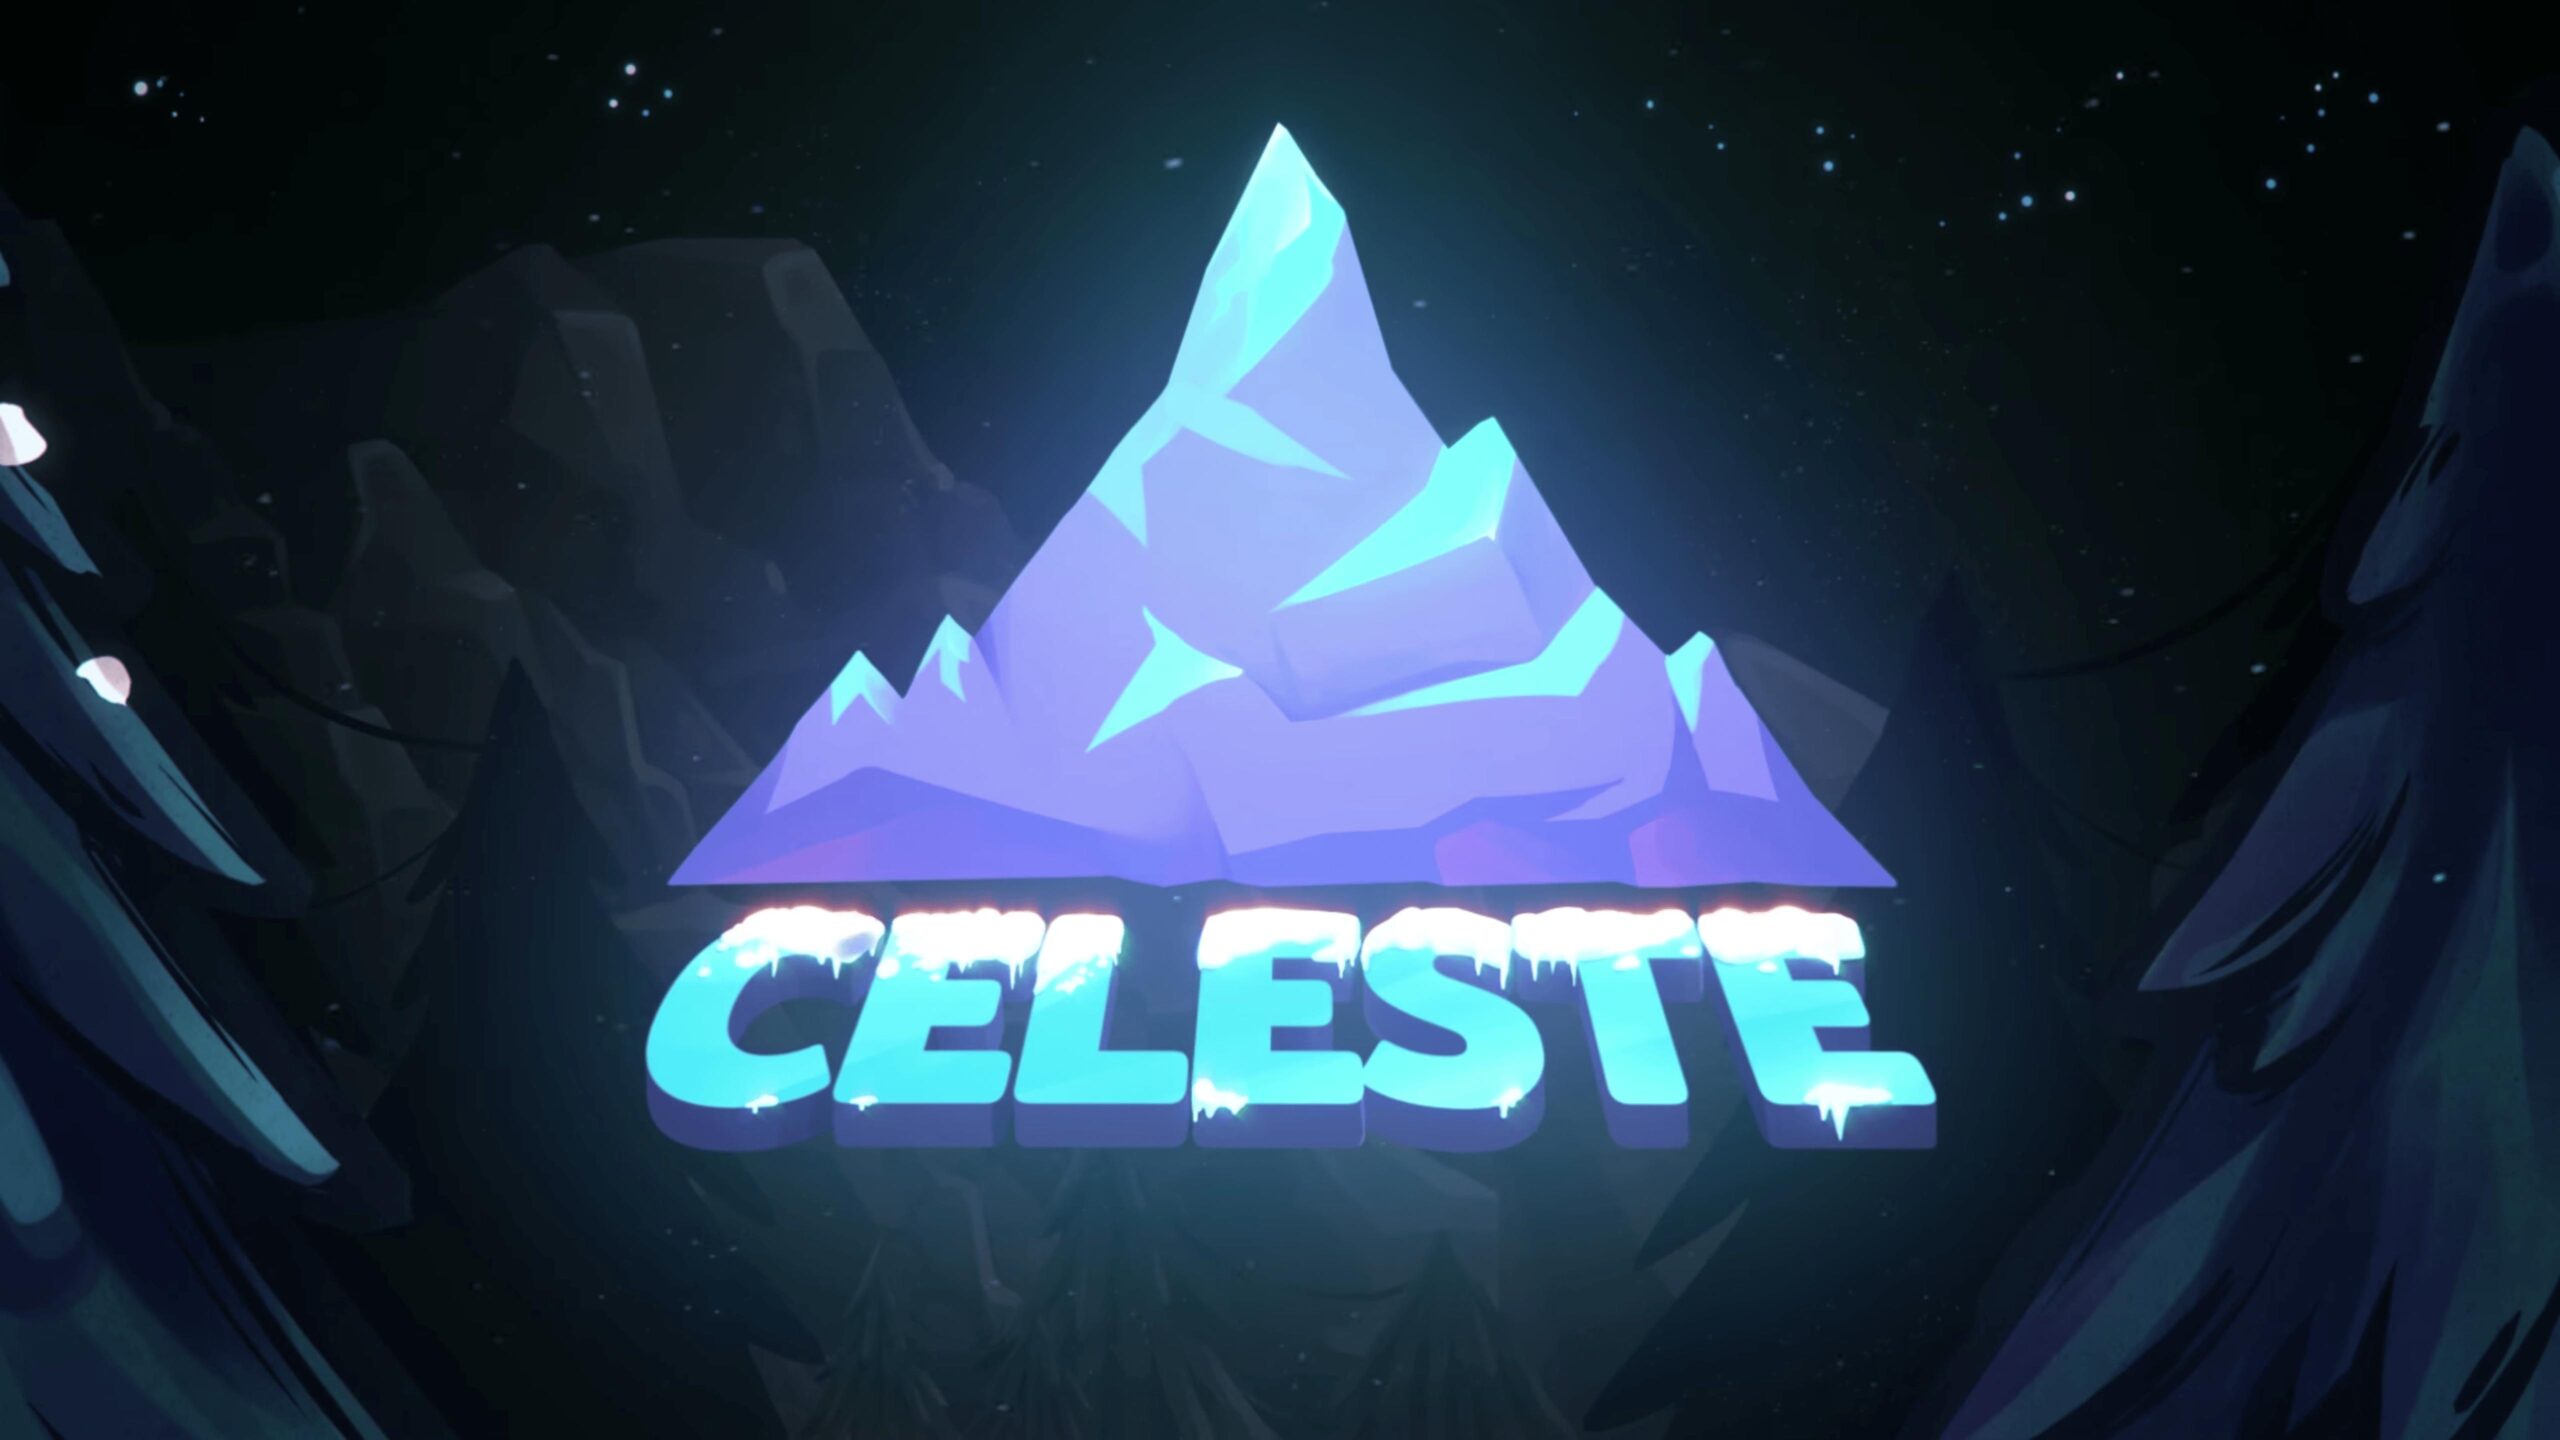 Celeste Game New Wallpaper, Celeste Game, Game
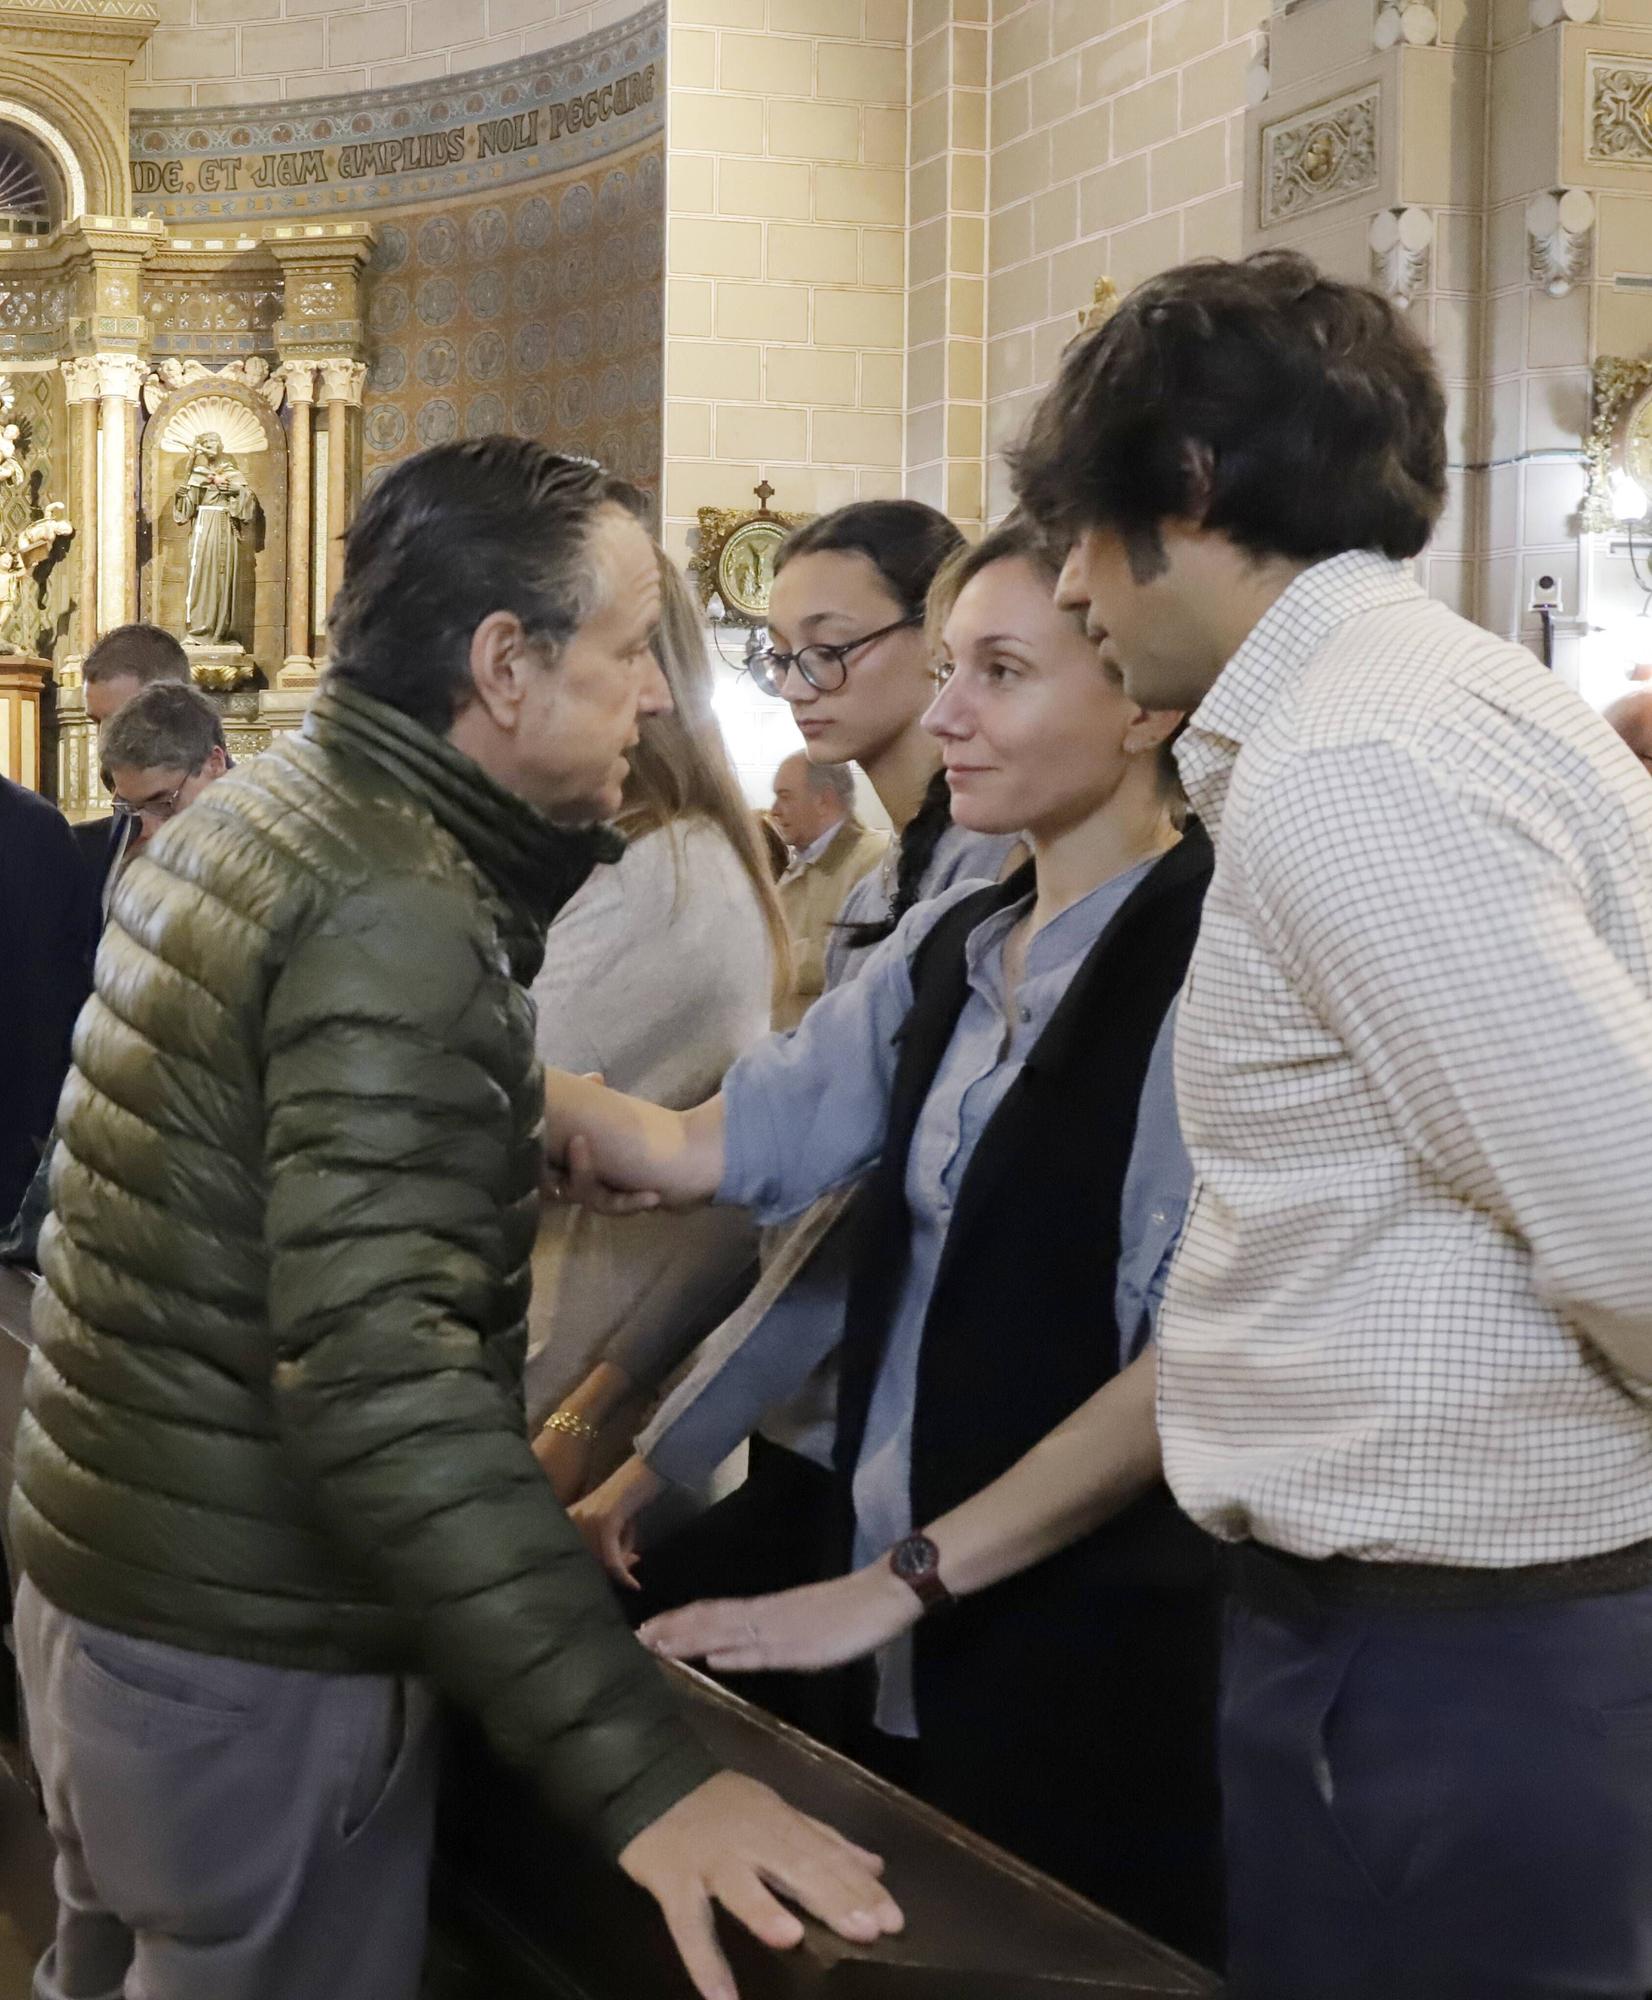 Sentida despedida a Anselmo López Acha, recibido en la iglesia con el himno del Oviedo
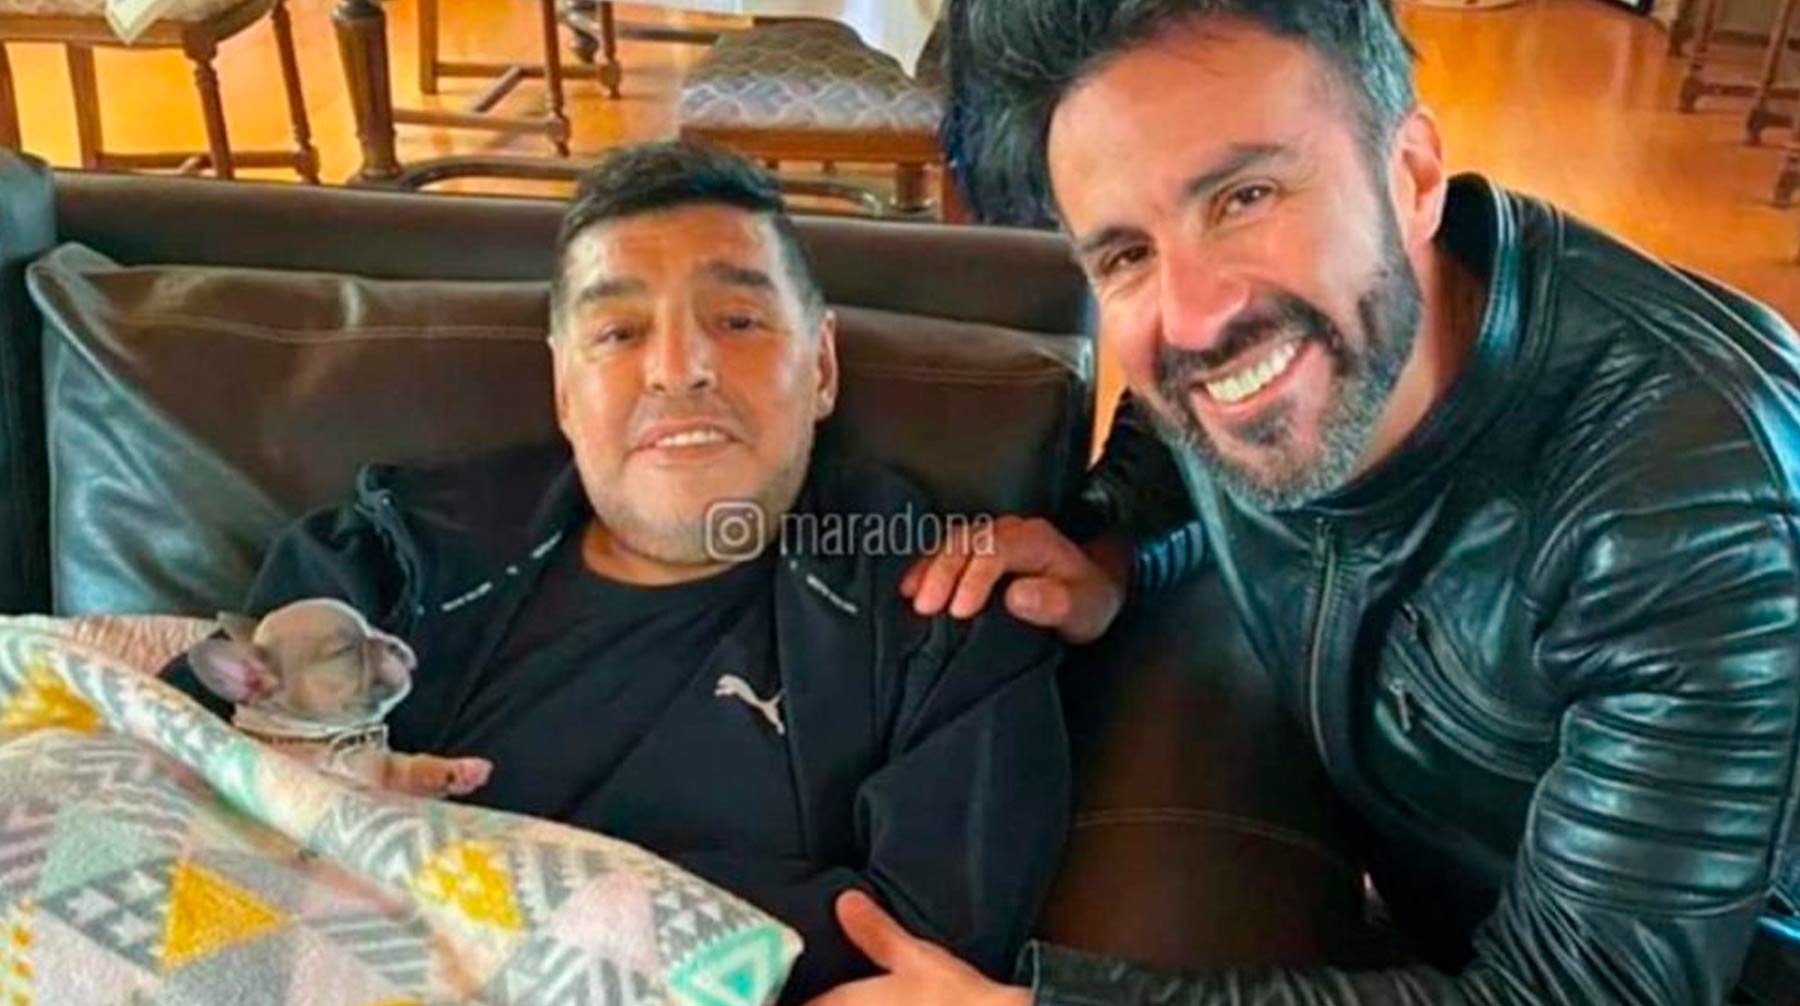 Леопольдо Луке заявил, что сделал все возможное для спасения знаменитого пациента Фото: © instagram.com/maradona

→ Work task:
The reply should repeat the listing above exactly and contain no pictures.

→ Result of this task:
 Celeste Game New Wallpaper, Celeste Game, Game
 Sentida despedida a Anselmo López Acha, recibido en la iglesia con el himno del Oviedo
 Леопольдо Луке заявил, что сделал все возможное для спасения знаменитого пациента Фото: © instagram.com/maradona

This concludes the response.